Алексей подошел к Белогородько и сказал:
– Степан, в атаку идти опасно, пока зенитки у немцев действуют. Не дают нам приблизиться.
Младший лейтенант и сам все понимал, германская артиллерия унесла половину его роты. Но только смог тряхнуть головой да сплюнуть в сторону от досады – приказ есть приказ, надо идти в атаку. Лейтенант продолжил:
– Предлагаю наметить маршрут от точки до точки, в качестве укрытий использовать наши подбитые машины. Послужат нам защитой, только выходить на дистанцию между подбитых «тридцатьчетверок» надо с разных сторон, чтобы ПВО не могла предугадать направление удара. Будем двигаться медленно, но и потерь станет меньше.
– Хорошая задумка, комбату доложу только о твоем предложении, – Степан осторожно глянул на Соколова, не обиделся ли, что его идею будет рассказывать не он начальству. Но молодой танкист лишь с печалью смотрел на потрепанных, понурившихся бойцов. Две ударные группы сократились до пары десятков танковых отделений.

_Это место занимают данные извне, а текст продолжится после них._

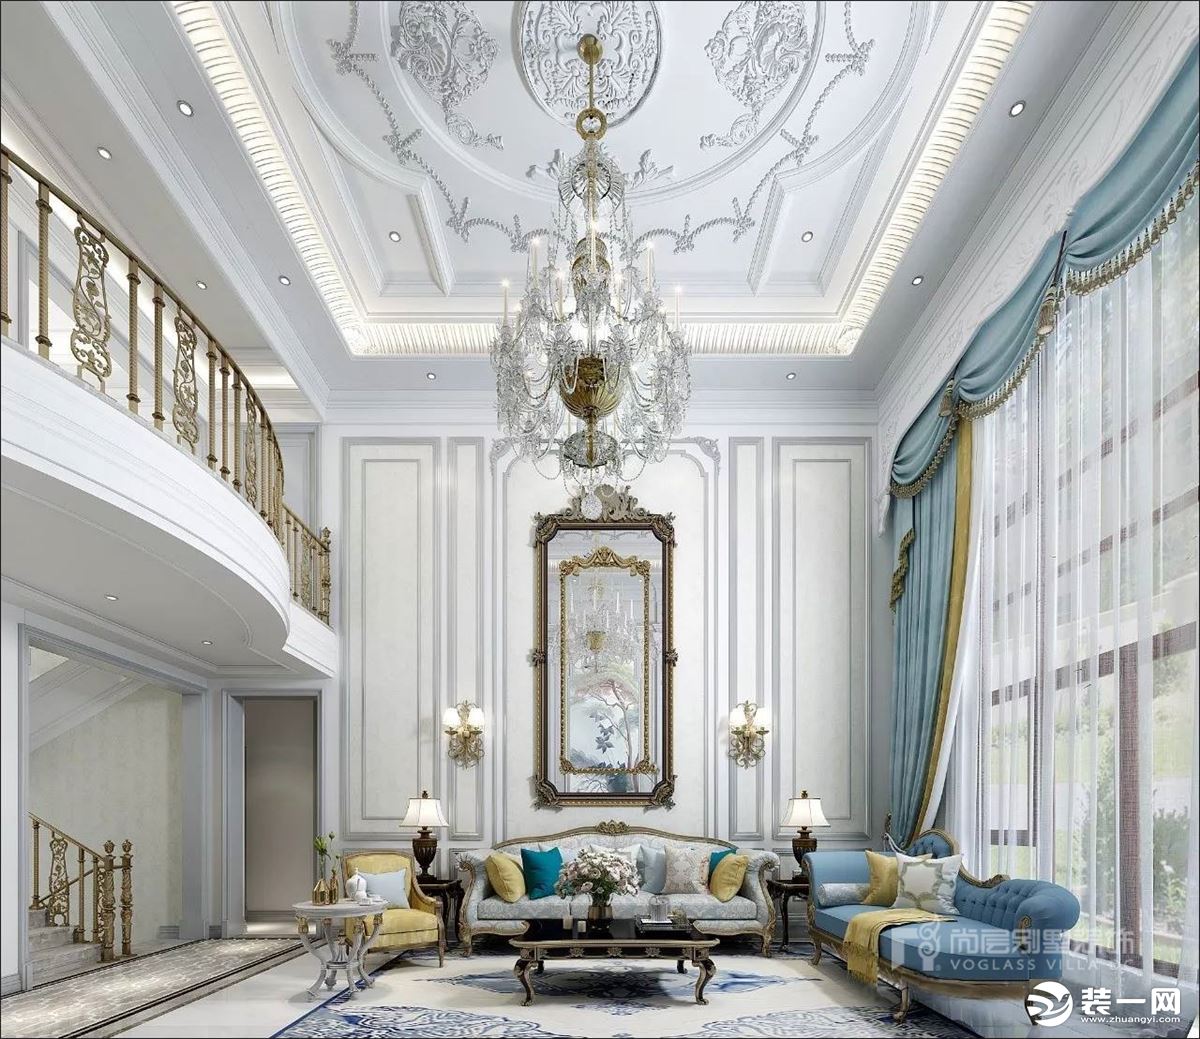 深圳尚层装饰580平米法式风格别墅案例--客厅

Снова прозвучал приказ «В атаку!», и маневренные Т-34 вышли на поле. Боевая линия пошла по полю, в ответ принялись ухать германские орудия. Выстрел, огонь, снова выстрел. Десятки снарядов полетели на поле, но ни один не достиг цели, они лишь заставили железные остовы снова вспыхнуть красным багрянцем.
– Вперед, экипажи! – выкрикнул в ТПУ Соколов.
И советские Т-34 послушно покатились до своих укрытий. Им необходимо было подойти как можно ближе, открыть прицельный огонь по огневым точкам, где укрылся артрасчет. Танковая карточка, что рисовал перед боем ротный, не сработала, в голове у Соколова родилась новая схема. Он остался с одним мехводом, Савой Хваловым, семнадцатилетним рядовым, который после года работы на тракторе в совхозе и быстрого обучения в танковой школе изо всех сил старался выполнять приказы командира. Чтобы не переключаться с командной частоты и не надсаживать горло, стараясь перекричать лязг внутри железного пространства, Алексей объяснил парню, как по старинке, ногами будет указывать направление. Ударами ног по плечам, вправо, влево, двумя ногами – стоп.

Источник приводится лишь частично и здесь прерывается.